The lowering of the intrinsic on a 32 bit and a 64 bit value looks identical to me, so the if statement isn't needed?

zbrid updated this revision to Diff 192845.Mar 29 2019, 9:16 AM

update with clang-format

zbrid updated this revision to Diff 192852.Mar 29 2019, 10:06 AM

fix test formatting; make target independent intrinsic; add doc

zbrid updated this revision to Diff 192857.Mar 29 2019, 10:30 AM

remove unnecessary requirement from builtin test

zbrid updated this revision to Diff 192870.Mar 29 2019, 11:16 AM

remove unnecessary if in x86 slh intrinsic lowering function

zbrid marked 2 inline comments as done.Mar 29 2019, 11:18 AM
zbrid added inline comments.
llvm/lib/Target/X86/X86SpeculativeLoadHardening.cpp
615–629

Good catch.

zbrid updated this revision to Diff 192873.Mar 29 2019, 11:28 AM
zbrid marked an inline comment as done.

actually fix if statement

zbrid retitled this revision from [slh] x86 impl of ARM instrinsic for SLH to [slh] x86 impl of ARM instrinsic + builtin for SLH.Apr 1 2019, 9:18 AM
zbrid edited the summary of this revision. (Show Details)

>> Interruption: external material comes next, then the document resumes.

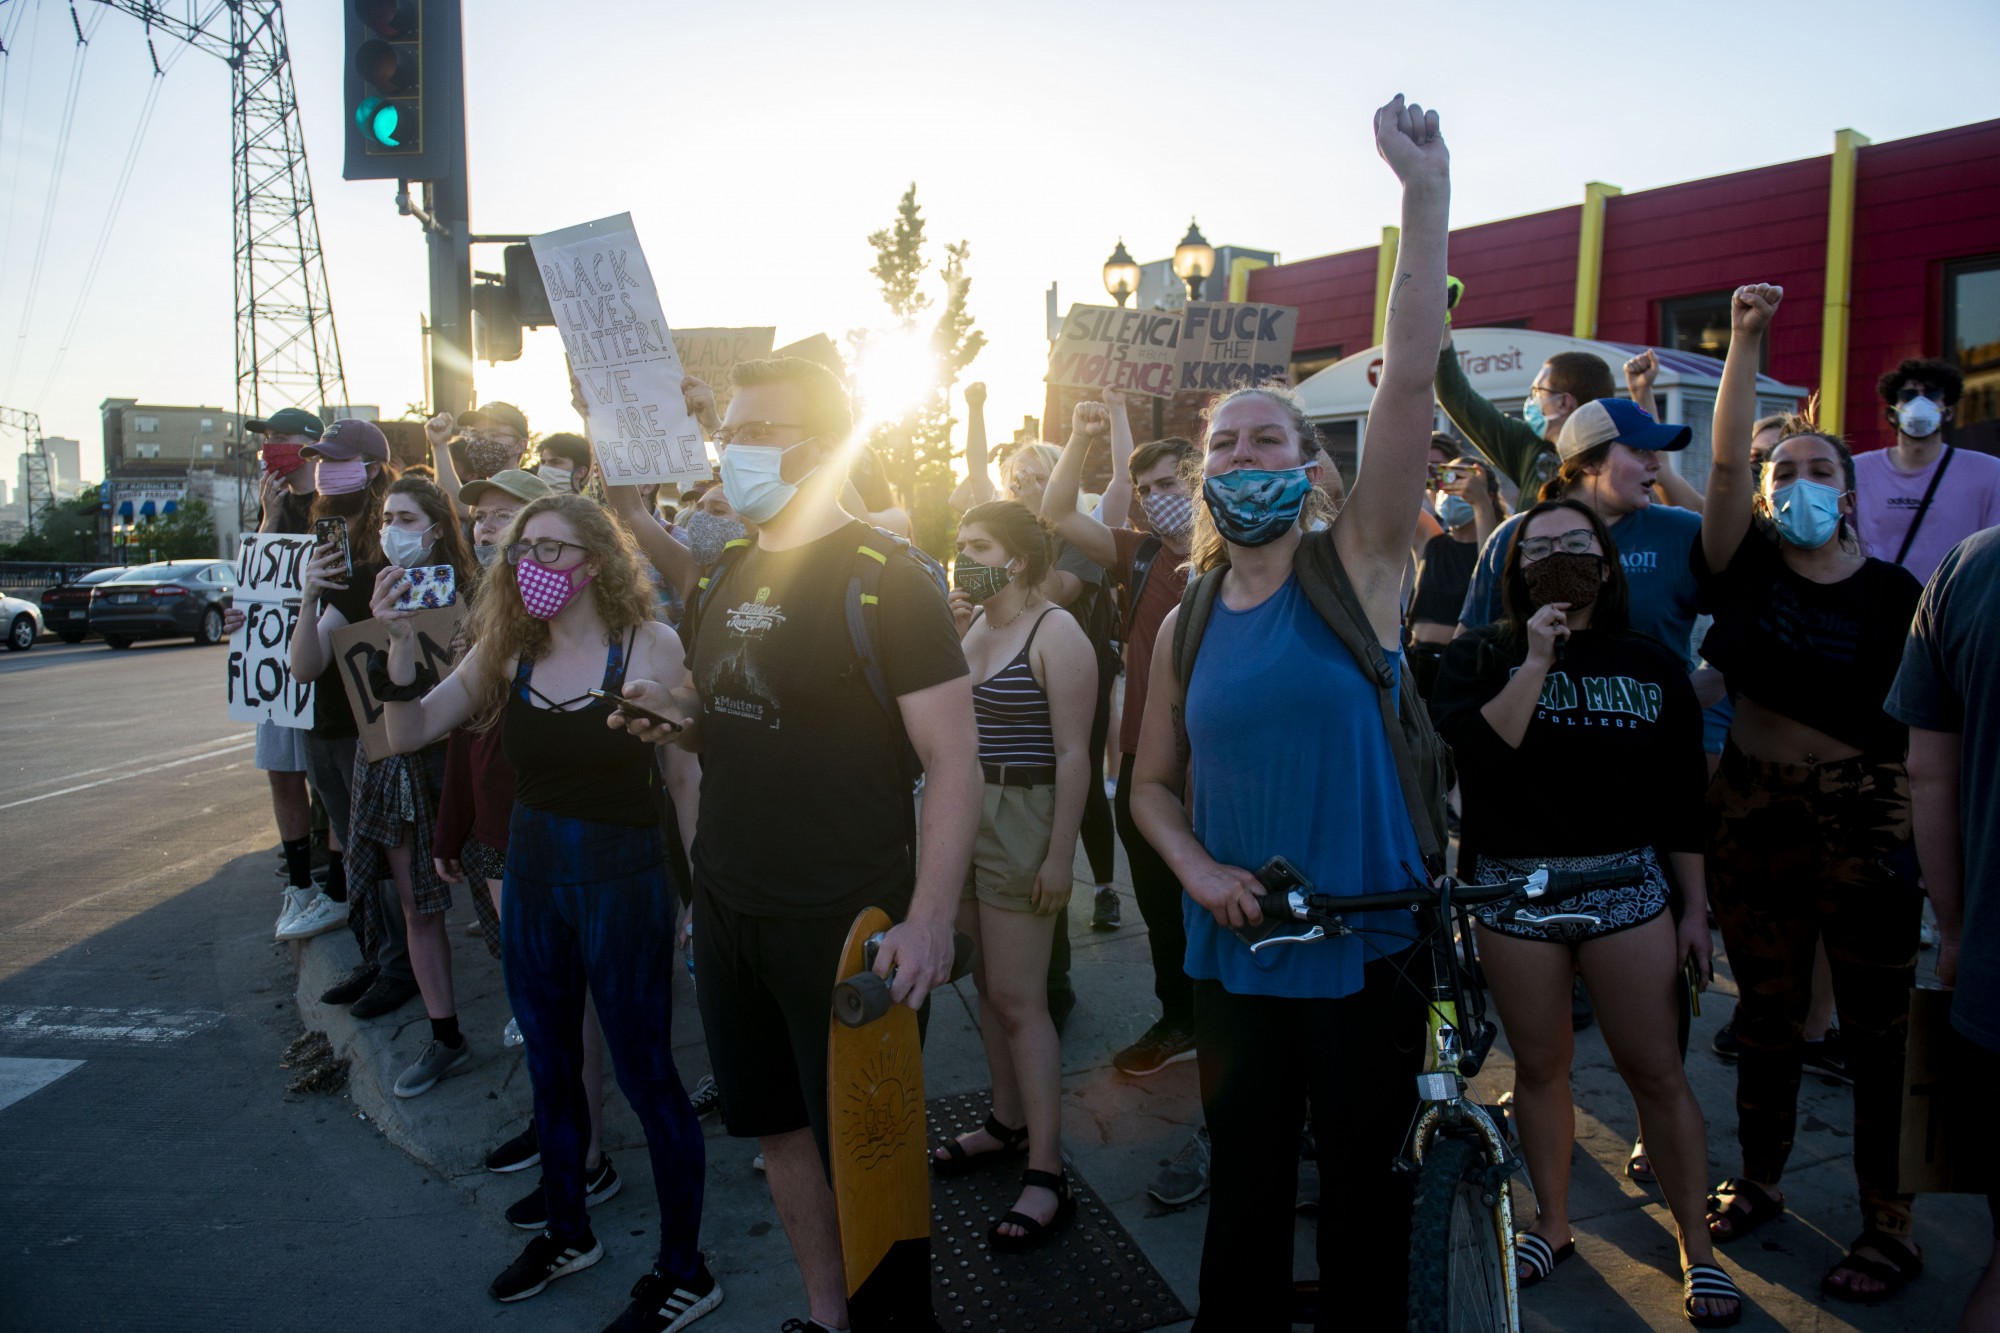 Protesters react to SWAT officers patrolling the intersection of Southeast 4th Street and 15th Avenue Southeast just after 8 p.m. on Monday, June 1. Several people were arrested during the mostly student-led demonstration halting traffic at the intersection.

This intrinsic got added to gcc a while ago and should become available in the upcoming gcc 9 release.
In gcc however, the prototype of the intrinsic is slightly different (see https://gcc.gnu.org/onlinedocs/gcc/Other-Builtins.html):
type __builtin_speculation_safe_value (type val, type failval)
It provides a second optional argument "failval". From the gcc documentation: "The function may use target-dependent speculation tracking state to cause failval to be returned when it is known that speculative execution has incorrectly predicted a conditional branch operation."
So, when implementing the intrinsic using a speculation barrier such as lfence, that failval argument doesn't have any effect. However, when lowering the intrinsic using speculation tracking similar to how that's used in SLH, this failval parameter is used to return a non-zero value on miss-speculation, in case the developer prefers that over the default zero value.

I think we should make the intrinsic compatible with the one introduced in gcc.

llvm/test/CodeGen/X86/speculative-load-hardening-intrinsic.ll
2

I guess the -mtriple command line option may not be needed since the IR file contain "target triple" and "target datalayout" information?

4–5

I guess this is not strictly necessary for this test, so should be removed?

9–63

Thanks for those updates, Zola. It makes it easier to compare this patch with the code I wrote earlier.
Doing that comparison, I see that I had a few changes too in target-independent SelectionDAG under lib/Codegen/SelectionDAG.
IIRC, you might find that you'll need that code if you also add tests here to test the correct thing happens when applying the intrinsic on other types than i32 or i64.
You probably also would want a test on a pointer data type here, I guess.

65–72

I guess this is not strictly necessary for this test, so should be removed?